Todos tenemos tendencia a repetir la “memoria”. Todos tenemos tendencia, en definitiva, a repetir lo que ya conocemos, pero…, posiblemente, para encontrarnos en nuestro recorrido a personas (espejos), circunstancias…, que nos ayudarán a “recordar” que esa realidad nos guía hacia el encuentro con nuestro self interior (Mapa Sideral), pero en absoluto nos identifica con él.

 

La Astrología Sideral podría ser llamada “astrología cósmica”. Sus signos son las constelaciones estelares. Su zodíaco mide la relación entre nuestro sistema solar, las estrellas fijas y la galaxia misma.

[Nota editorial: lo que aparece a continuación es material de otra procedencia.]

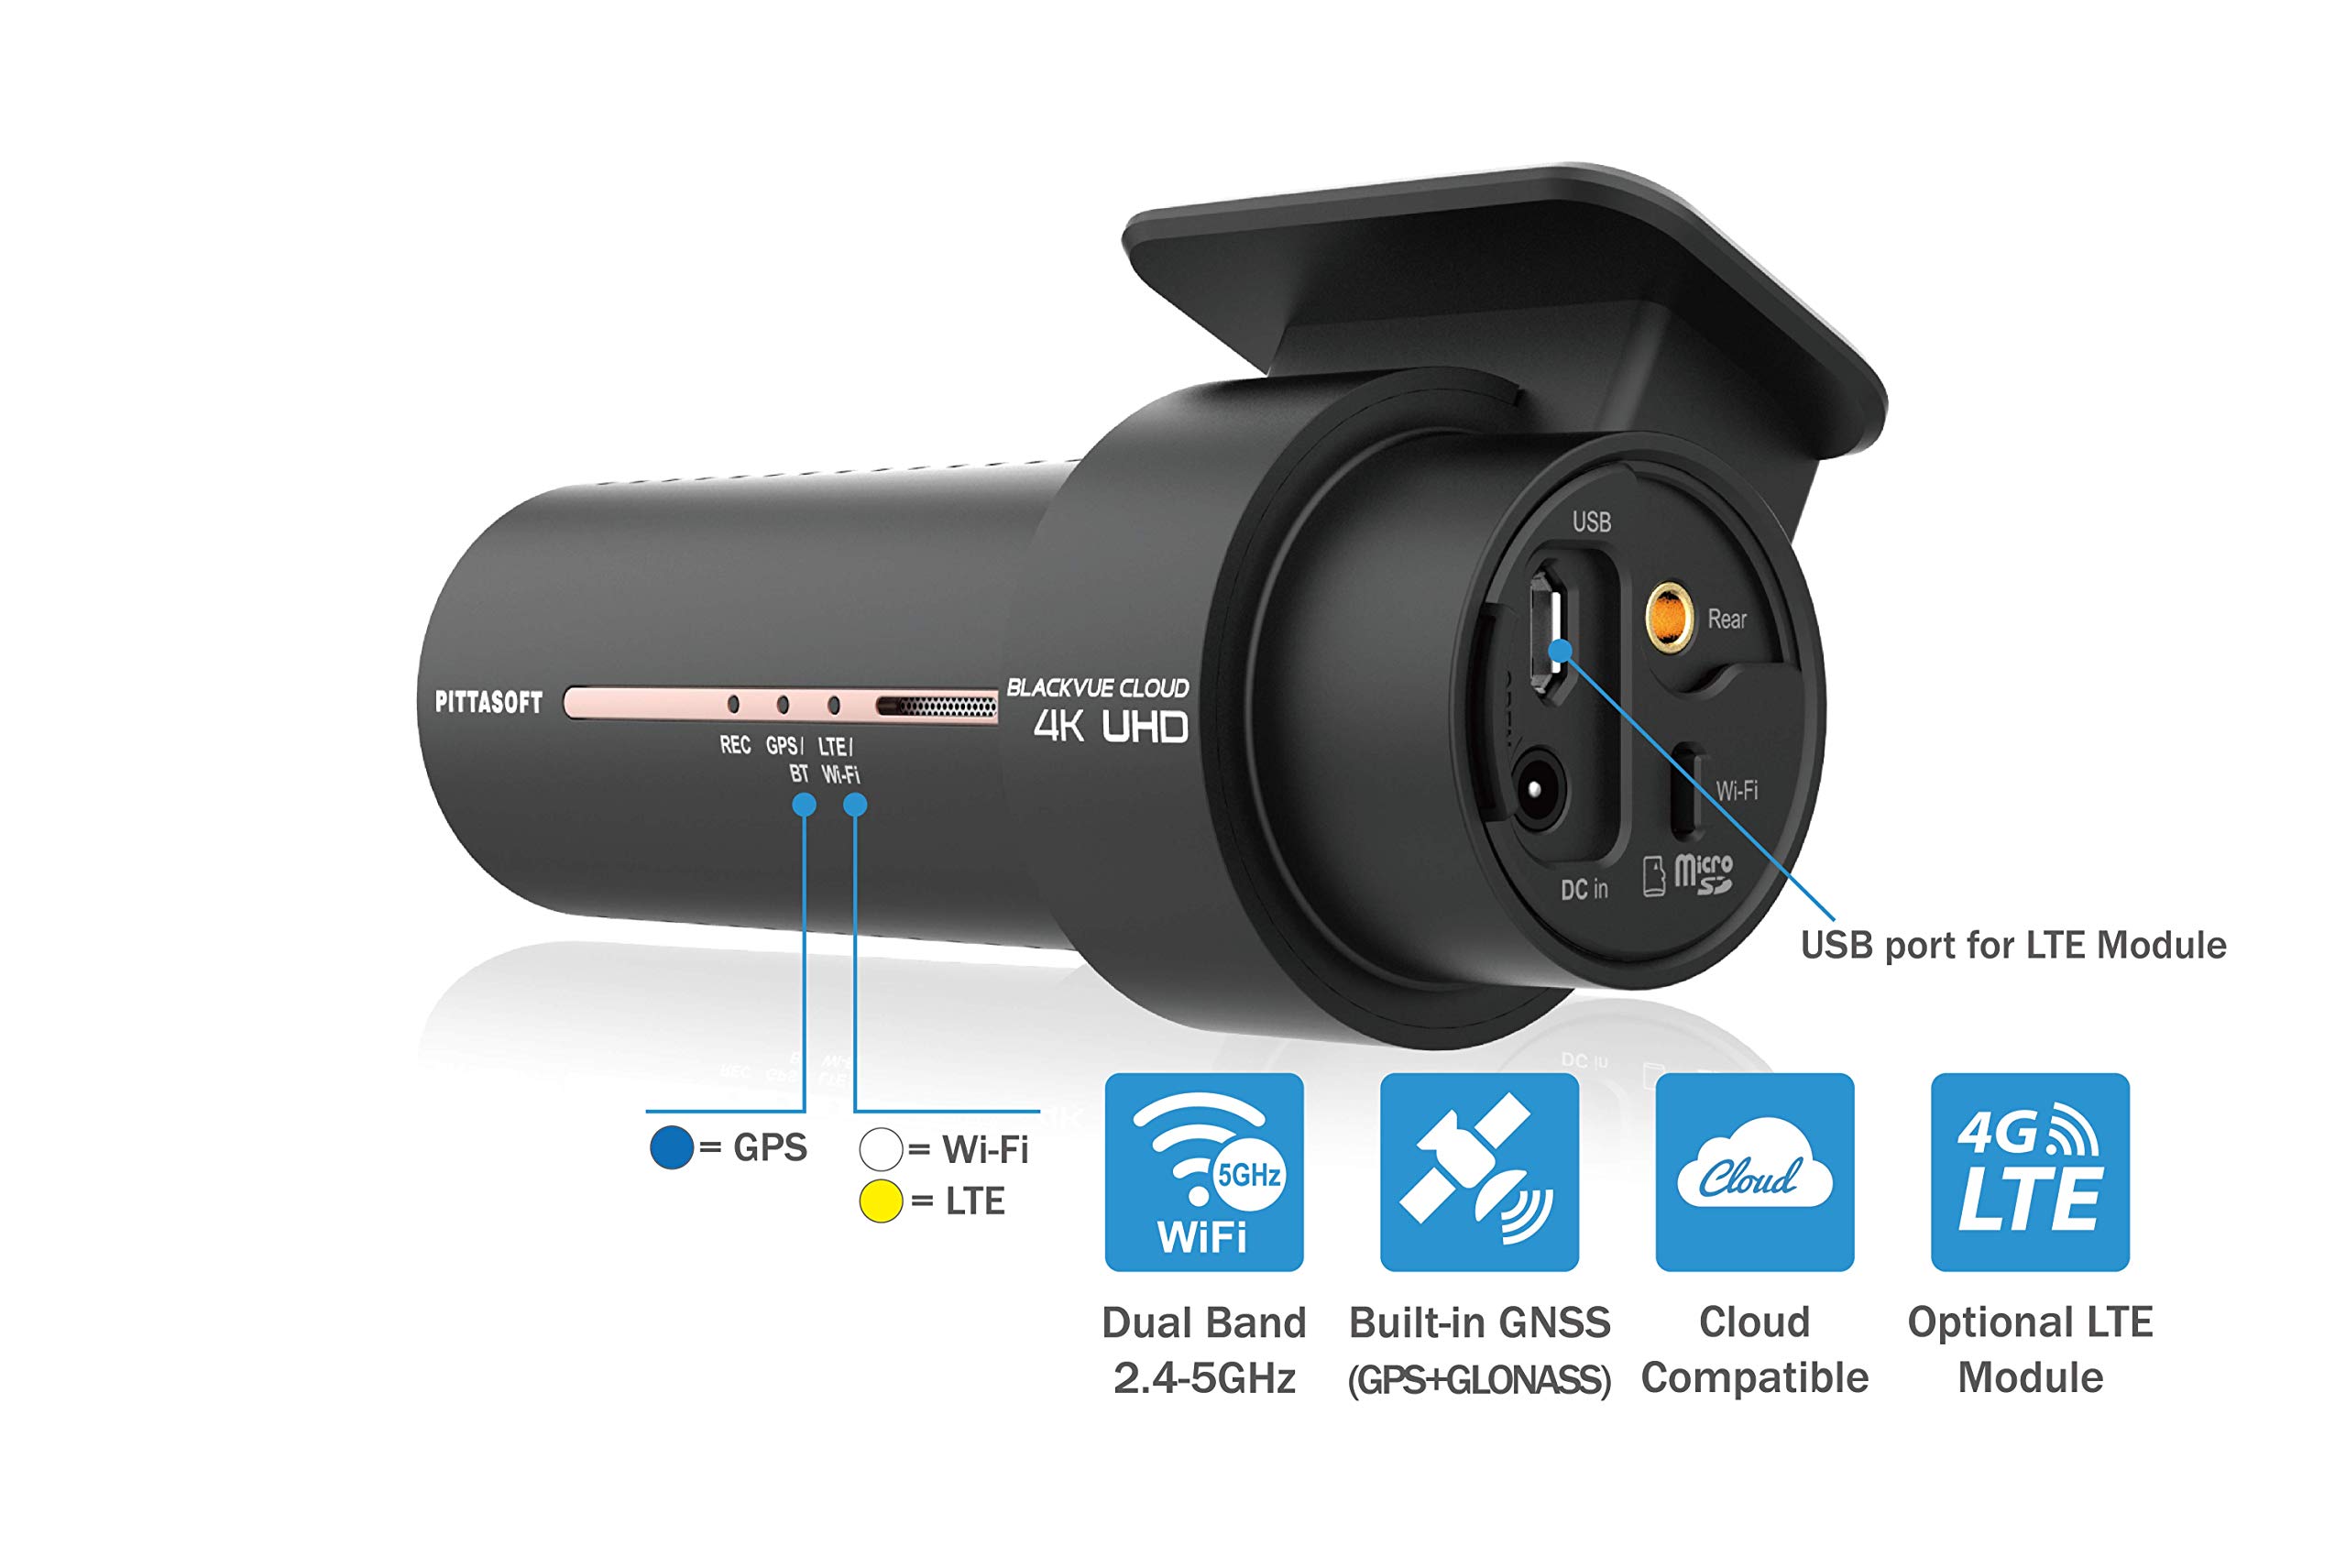 BlackVue DR900X-2CH with 32GB microSD Card | 4K UHD Cloud front Dashcam | Built-in Wi-Fi, GPS, Parking Mode Voltage Monitor | LTE via Optional CM100 LTE Module

Se sugiere la observación de éste, como un “mapa” de potencialidades energéticas, como un elemento imprescindible de orientación, hacia donde iría encaminada nuestra alma en su proceso de evolución. En otro sentido, la podríamos definir como la referencia más precisa de nuestro self interior. Nos guiaría en el proceso de “reencuentro” con nuestra esencia individual.

 

Para un verdadero despliegue de nuestro Ser, no solo deberíamos ser conscientes de nuestro carácter, nuestra personalidad (sistema tropical), de las pautas inconscientes que lo condicionan y determinan (memoria inconsciente), sino también encaminarnos hacia la búsqueda consciente de nuestras verdaderas y profundas motivaciones y propósitos (sistema sideral) para el anhelado e inevitable reencuentro con nosotros mismos.